We wtorek Caster Semeyna doczekała się decyzji dot. jej apelacji w sprawie wprowadzenia nowych przepisów przez Międzynarodowe Stowarzyszenie Federacji Lekkoatletycznych. Chodzi o zawodniczki z podwyższonym poziomem testosteronu.
Według najnowszych przepisów u biegaczek startujących na dystansach od 400 m do 1 mili, poziom hormonu nie może mógł przekroczyć 5 nanomoli na litr.
Reprezentantka RPA nie zgodziła się na takie rozwiązanie i rozpoczęła walkę. W ubiegłym roku Trybunał Arbitrażowy w Lozannie odrzucił jej pierwszą apelację, teraz szwajcarski sąd najwyższy, który najpierw zawiesił regulamin World Athletics (dawniej IAAF), ostatecznie odrzucił jej sprzeciw (więcej TUTAJ).
ZOBACZ WIDEO: #dziejesiewsporcie: Lewis Hamilton zaskoczył sprzątaczkę. Tego się nie spodziewała
Semenya nie ukrywa rozczarowania taką decyzją.
- Jestem bardzo rozczarowana, ale nie pozwolę na szprycowanie mnie lekami przez World Athletics i próby zmiany tego, kim jestem.
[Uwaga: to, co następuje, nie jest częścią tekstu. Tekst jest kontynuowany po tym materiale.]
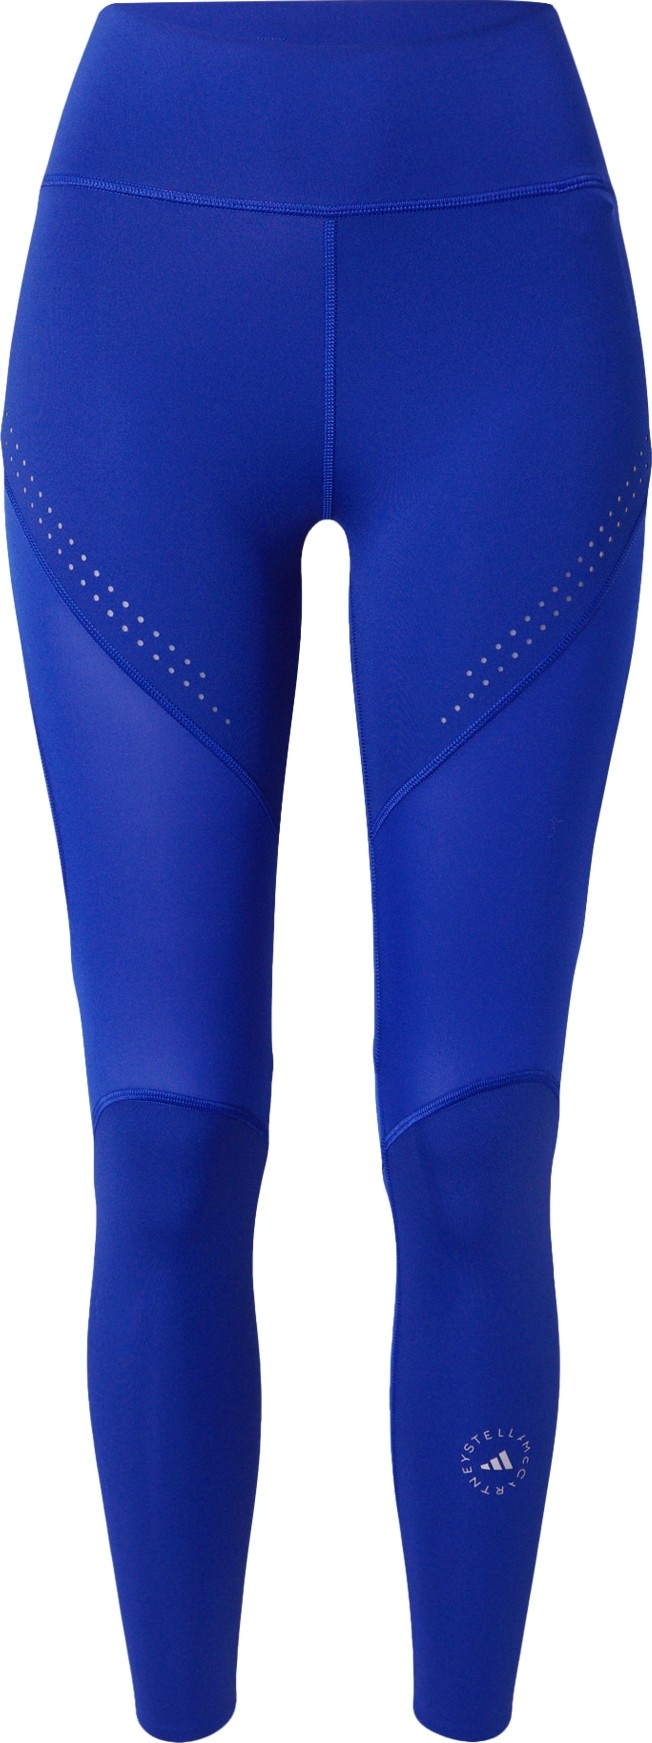 Sportovní kalhoty 'Truepurpose Optime' adidas by stella mccartney modrá

To próba dyskryminacji i to po naszej stronie jest prawda - napisała w oświadczeniu.
Dwukrotna mistrzyni olimpijska w biegu na 800 metrów zapowiedziała dalszą walkę "w imieniu wszystkich, którym odbiera się prawa do startów". Z kolei jej prawnicy ogłosili, że to "walka broniąca praw człowieka".
Wcześniej zawodniczka porównywała swoją walkę do ukrzyżowania Jezusa. - Gdybym mogła porównać moje życie, porównałabym je z Jezusem. Zostałam ukrzyżowana, wyzywali mnie z imienia i nazwiska, wytykając co zrobiłam - przekonywała.
Przypomnijmy, że Semeyna nie wystartowała na ubiegłorocznych mistrzostwach świata w Doha.